“One life linked to others can make a difference.”
In his final Commencement address as chancellor, the late William H. Danforth offered these parting words to the graduating Class of 1995. Danforth embodied this credo throughout his career as a physician, professor, and leader. A man of incisive vision and deep empathy, he viewed education as a force for change — and Washington University as the place to make it happen.
Nearly three decades after his retirement and three years after his death, Danforth’s spirit lives on through the alumni, parents, and friends who share his commitment to the university.
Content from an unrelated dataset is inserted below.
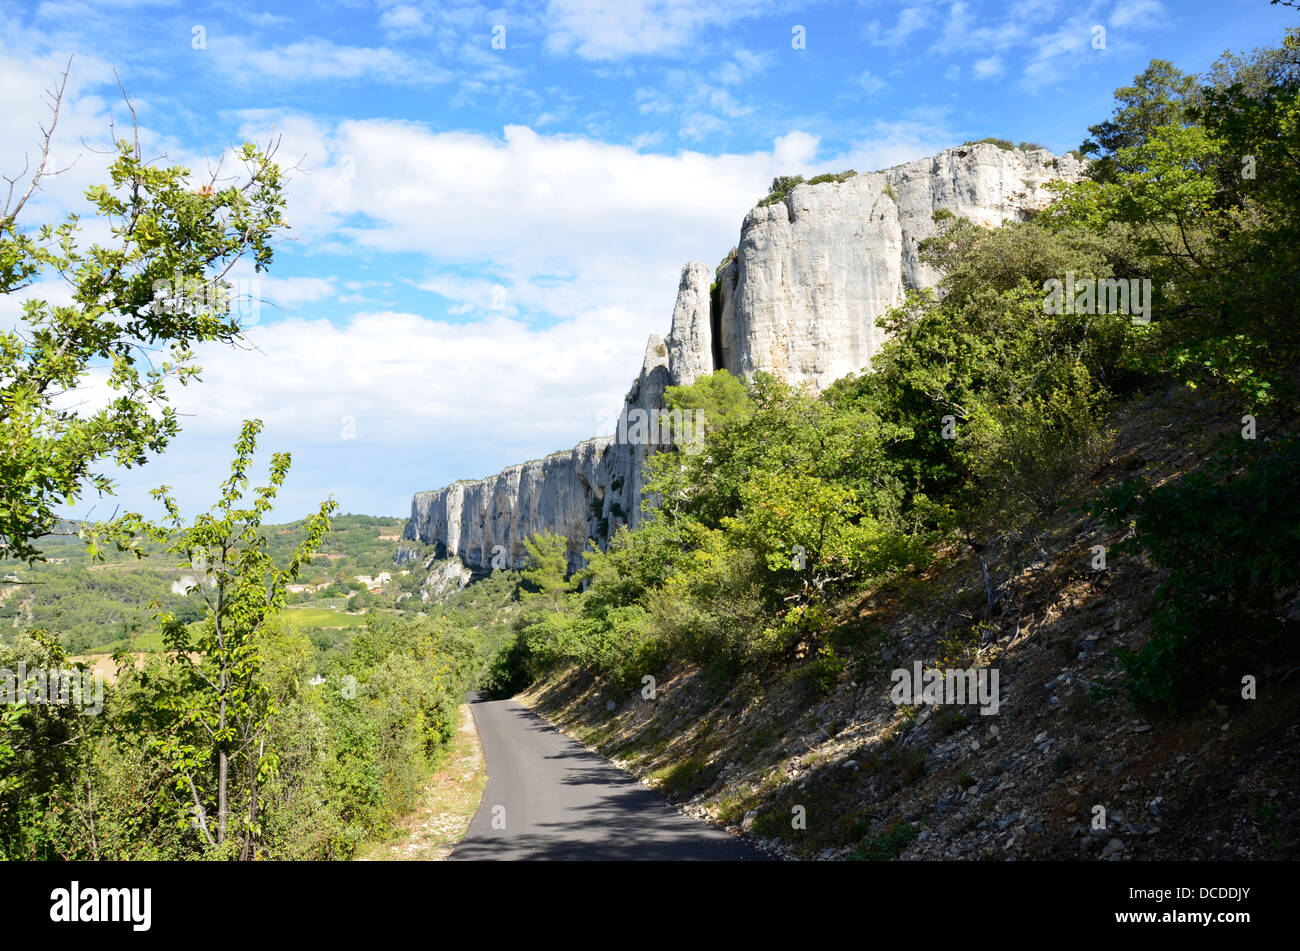 The Cliffs of Lioux (Vaucluse)  - Falaise de Lioux department of Vaucluse, Provence-Alpes-Côte d'Azur, Stock Photo
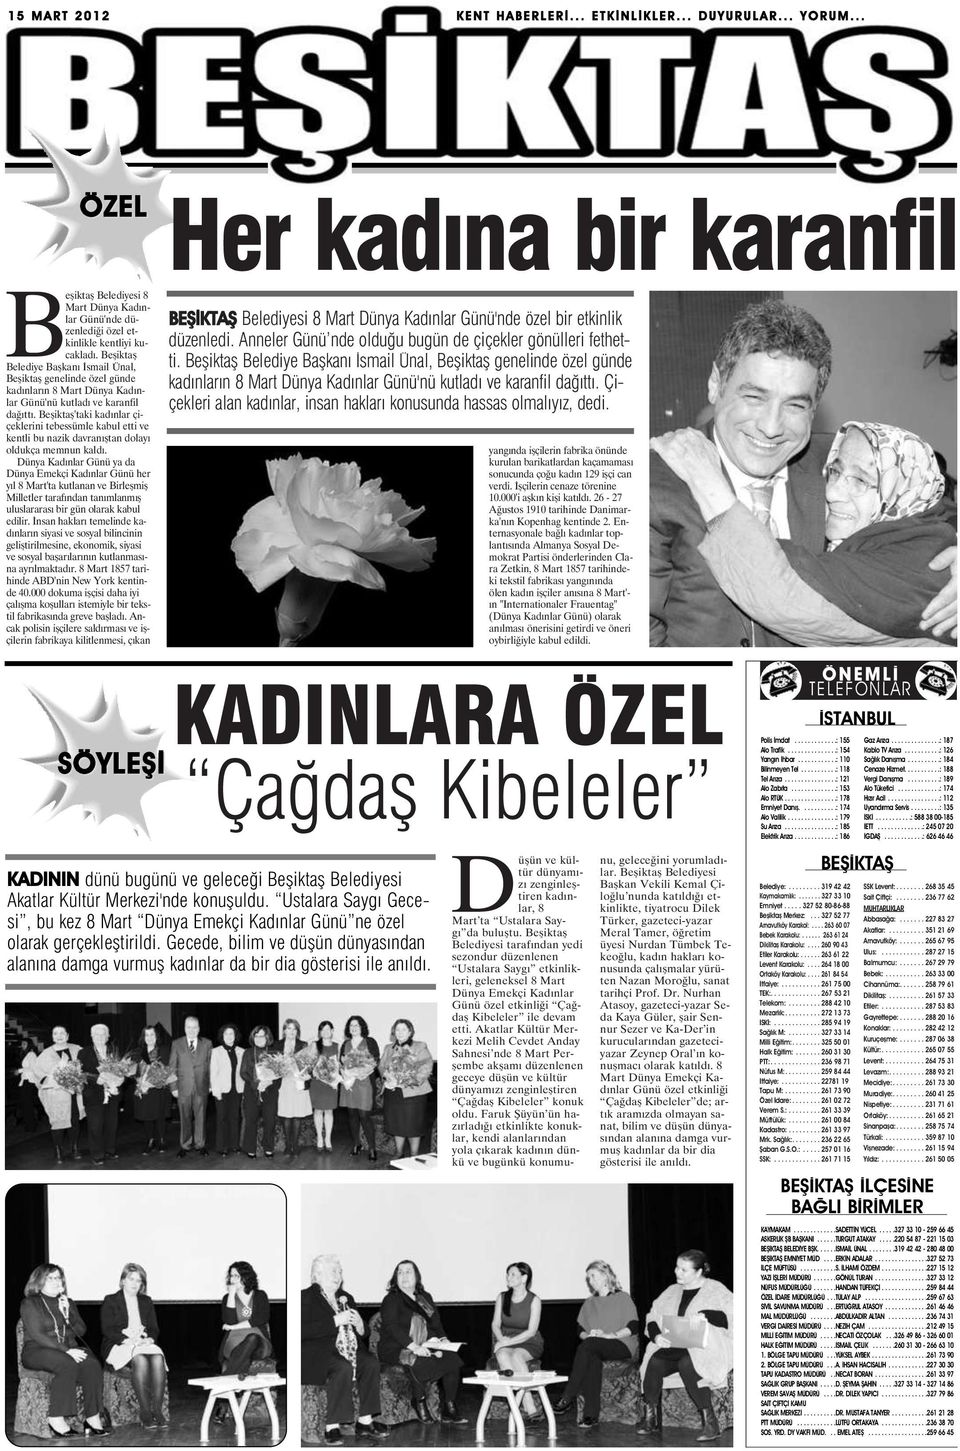 Beşiktaş Belediye Başkanı İsmail Ünal, Beşiktaş genelinde özel günde kadınların 8 Mart Dünya Kadınlar Günü'nü kutladı ve karanfil dağıttı.

Now, Washington University has established the William H. Danforth Leadership Society to formally recognize some of these supporters, specifically benefactors whose lifetime giving totals $1 million or more.
“Donors at this level are among the university’s greatest champions,” says Pamella Henson, executive vice chancellor for university advancement. “The Danforth Leadership Society is about honoring the magnitude of their contributions. They represent the past, present, and future of this institution.”
Remembering a friend
In the wake of Danforth’s death, Camilla Brauer proposed the founding of a new philanthropic group in his memory. She and her husband, Emeritus Trustee Stephen Brauer, have lent their counsel and support to the university for more than 30 years. Among their contributions are scholarship gifts as well as funds to endow the Stephen F. and Camilla T. Brauer Distinguished Professorship in Biomedical Engineering and the Lee Hunter Distinguished Professorship and to name Stephen F. and Camilla T. Brauer Hall, all in the engineering school. Their long association with the university blossomed under Danforth’s chancellorship, and he was a cherished friend and inspiration to both. “I knew Bill Danforth my entire life,” Camilla recalls, “and his life was dedicated to Washington University.”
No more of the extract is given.